SkyHD - 29th April 2008 - 9.00pm
Blimey. Talk about a transitional episode! This is, I'm afraid, a bit of a plod. And that's a shame as there are some rather superb scenes in it. It eschews the action for more heavyweight matters and that's fine but it did feel like I was being repeatedly hit over the head with the 'Contemporary Analogy Mallet'. Whack! This bit is about the current Bush policies enacted under Homeland Security. Bang! This scene is the clash of East and West religious beliefs. Thanks, Jane Esperson, but I didn't need that explaining to me.
The running theme of the story is the revelatory power of pain. From the encounter between Six, imprisoned on Galactica, and Tigh; Tyrol's dispassionate attitude towards his wife's death and to Baltar becoming a religious punch-bag. All experiencing pain as a conduit to revealing part of their nature. Pain as manipulative force as the hidden Cylons turn in on themselves to dig out their true natures. That naughty Tory is also getting very good at pulling strings and pushing people into strange emotional spaces. She alone seems to understand the kind of power she's now acquired as one of the Cylons whilst the others seem to self-implode on their odyssey into their very hearts of darkness.
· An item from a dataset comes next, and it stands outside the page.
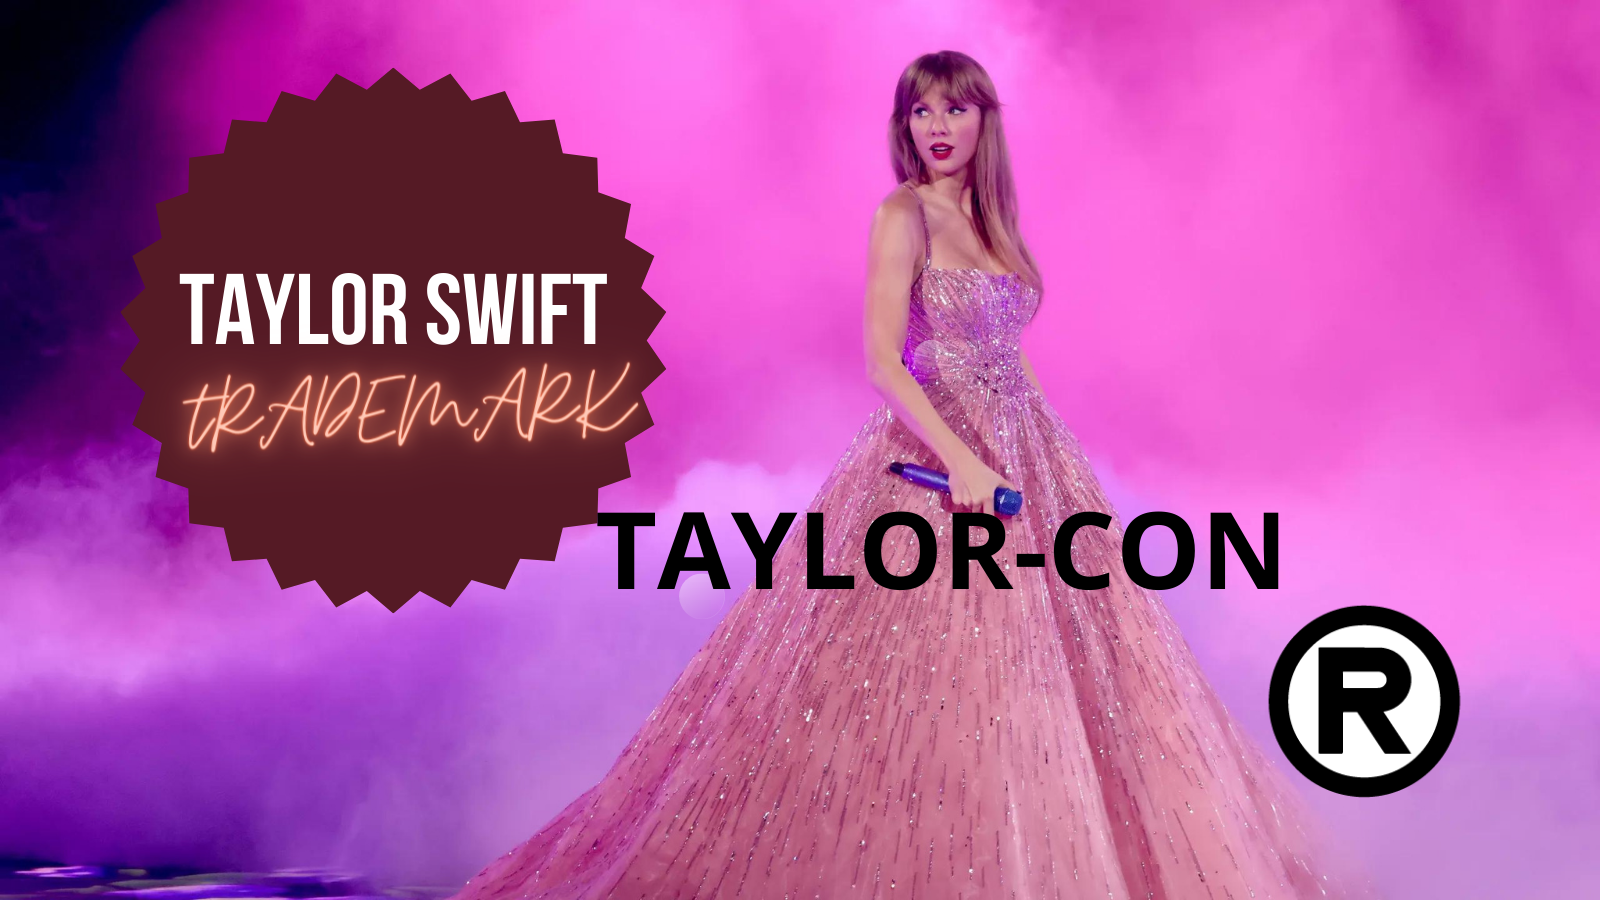 Taylor Swift: Pop Sensation Registers Trademark “TAYLOR-CON”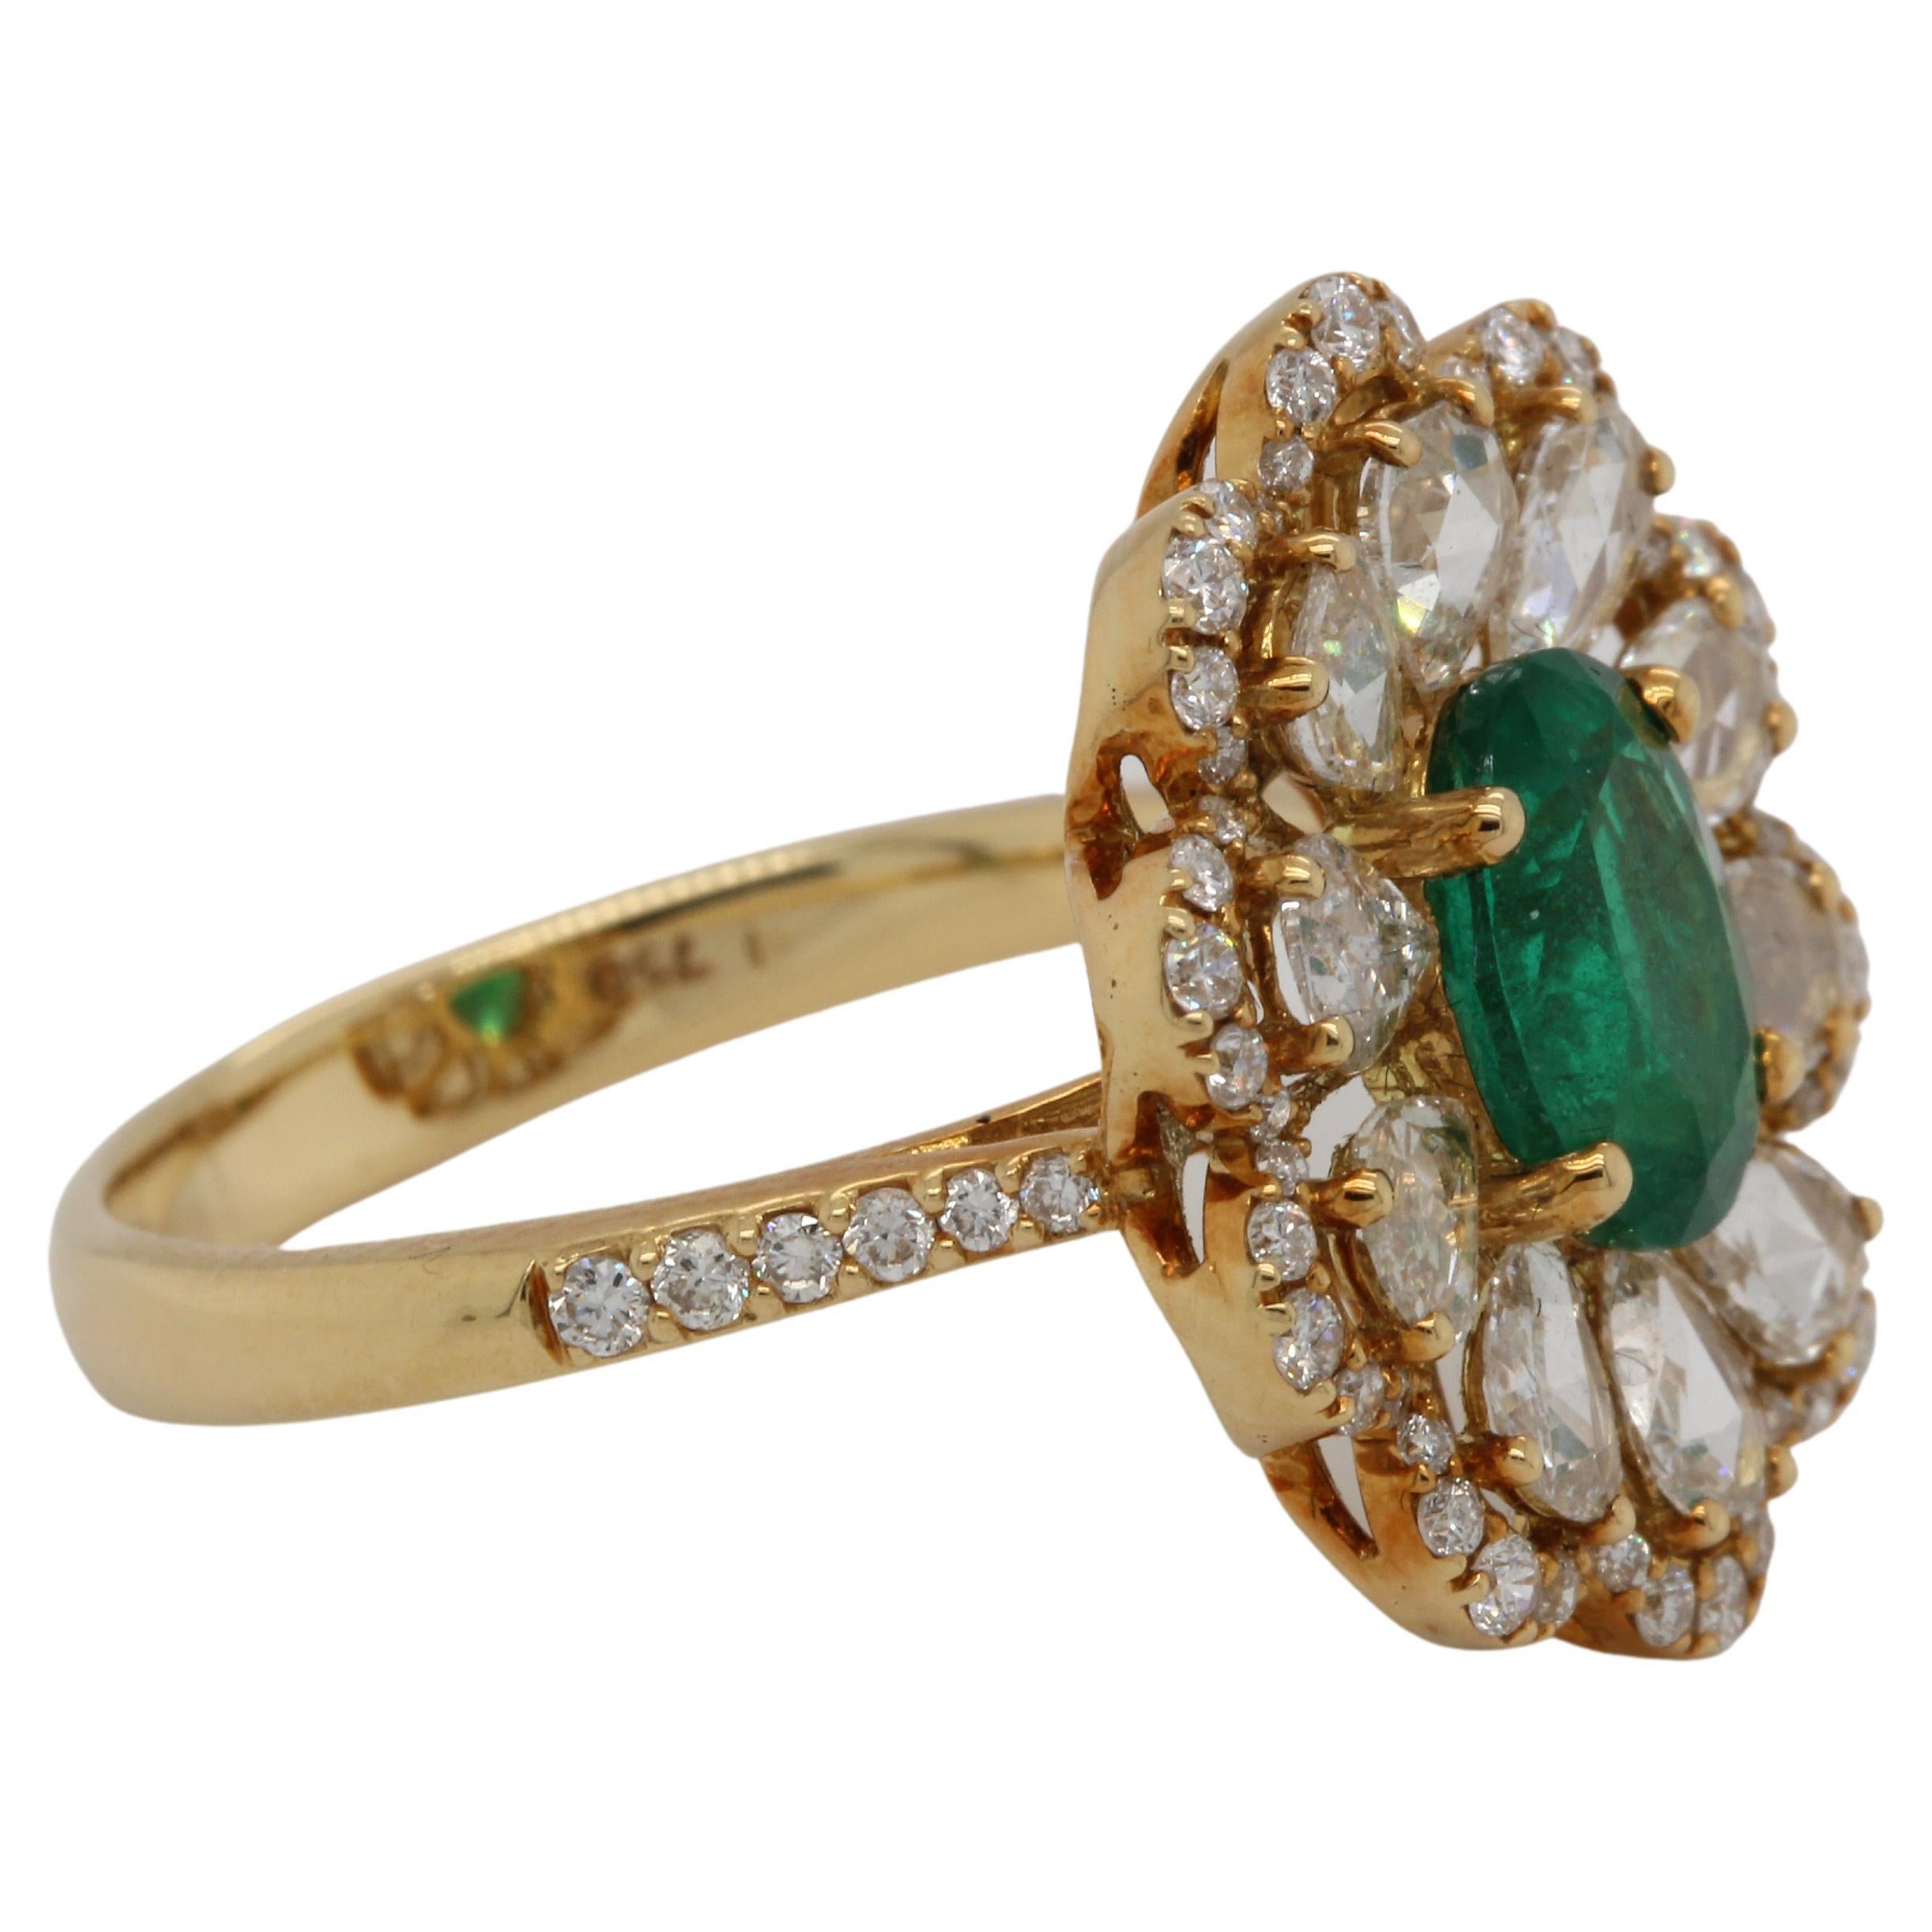 Oval Cut 1.38 Carat Emerald and Diamond Ring in 18 Karat Gold

She's revelling in having no conscience.
When Tigh starts to obsess about the captured Six and sees her transform into his dead wife, he takes the idea of using pain to shed light into his soul to the ultimate degree. I have to say that the editing and direction here are quite superb as Six switches identities with the deceased Mrs. Tigh. His guilt trip runs in parallel to Tyrol's descent into self-loathing.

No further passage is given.